Well, OK, so there’s another reason my thesis work was slow: I jumped onto two new short-term projects that (1) were very much in my wheelhouse, and (2) seemed like great fodder for job applications and interviews. Both of them arose thanks to Ryan Tibshirani. Unsurprisingly, it turns out that it’s GREAT for a grad student to be on good terms with a well-known professor who gets too many requests for interesting projects and occasionally passes them on to students. In both cases, it was fantastic of Ryan to think of me, and although it’s been tough to be doing it just right now, this is legitimately the kind of research I want to do later on (and probably should have done for my thesis in the first place! argh…).

Another side project

First, knowing that I’m interested in education, Ryan asked if I’d like to help with some consulting for Duolingo, the language-learning app company (also founded by CMU folks and still Pittsburgh-based). The folks there had some interesting questions about experimental design and suitable metrics for A/B testing their app. One of our contacts there was Burr Settles, who wrote a helpful book on Active Learning (the ML technique, not the pedagogy). We had some good discussions after digging into the details of their problem: challenges of running permutation tests on massive datasets, whether old-school tests like sign-rank tests would be better for their goals, how the data-over-time structure affects their analyses, etc. These chats even led me to an old Portland State classmate’s work regarding how to get confidence intervals from a permutation test, and I have some ideas for extensions on that particular problem.

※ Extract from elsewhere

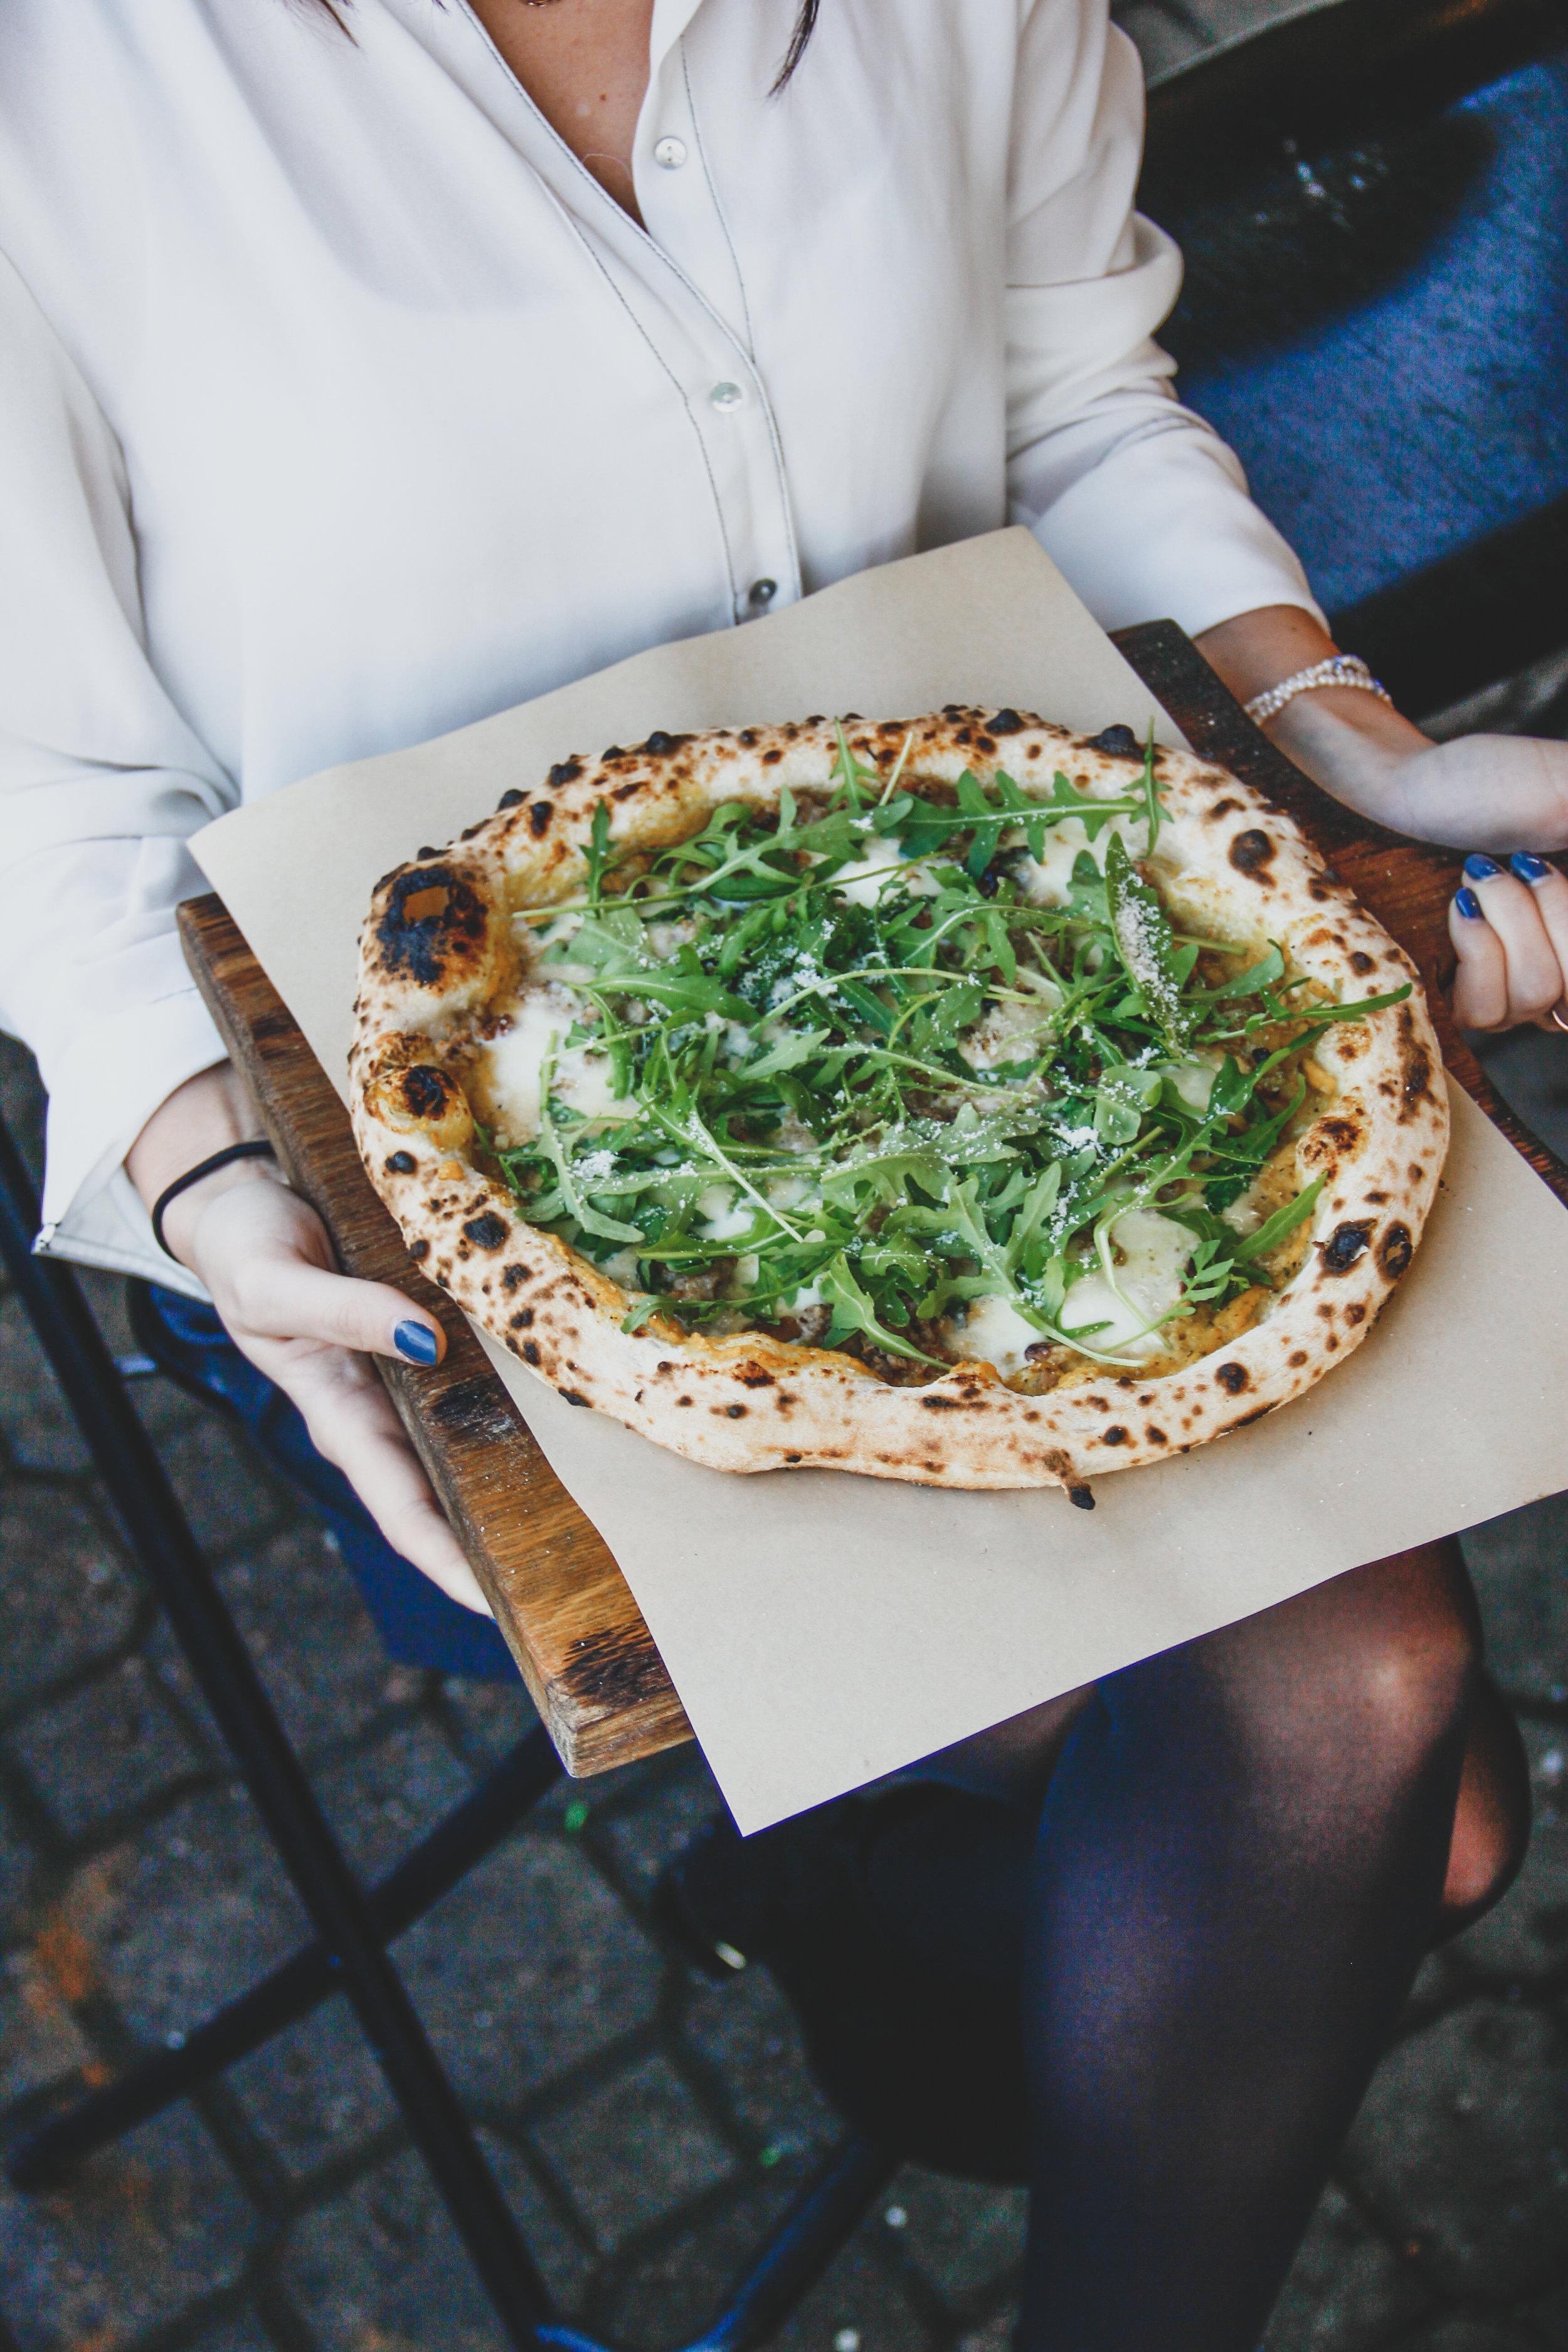 Aurora 10 €   Kõrvitsakreem, fior di latte juust, Gorgonzola juust, sealihavorst, kreeka pähklid, rukola, Parma juust, oliiviõli, sidrunikoor   On vaja lihtsalt läbi lugeda selle pitsa komponentide list, et aru saada, et tegemist ei ole mingi basic pitsaga.

Second, knowing that I had experience with survey data, Ryan passed on to me an email request to review some new methodology. Varun Kshirsagar, working on the Poverty Probability Index (PPI), had made some revisions to this poverty-tracking method and wanted to get feedback from someone who understood both modern statistics & machine learning tools as well as the kind of complex-survey-design datasets used to estimate the PPI models. It was a real pleasure working with Varun, and thinking about how to combine these two worlds (ML and survey data) had been a huge part of my motivation to go back to grad school in the first place and attend CMU in particular. We wrote up a short paper on the method for the NIPS 2017 workshop on ML for the Developing World, and we won the best paper award 🙂 I plan to revisit some of these ideas in future research: How do we run logistic-regression lasso or elastic net with survey-weighted data? How should we cross-validate when the survey design is not iid?

Teaching

Alex and I also continued running the Teach Stats mini. This semester we decided it was a bit embarrassing that Statistics, of all fields, doesn’t have a better standardized assessment of what students are learning in our intro courses. Without such a tool, it’s hard to do good pedagogy research and give strong evidence about whether your interventions / new methods have any impact.

There are already a couple of assessment instruments out there, but most were written by psychologists or engineers rather than by statisticians. Also, many of their questions are procedural, rather than about conceptual understanding. Even though these assessments have passed all the standard psychometric tests, there’s no guarantee that whatever they measure is actually the thing we’d *like* to measure.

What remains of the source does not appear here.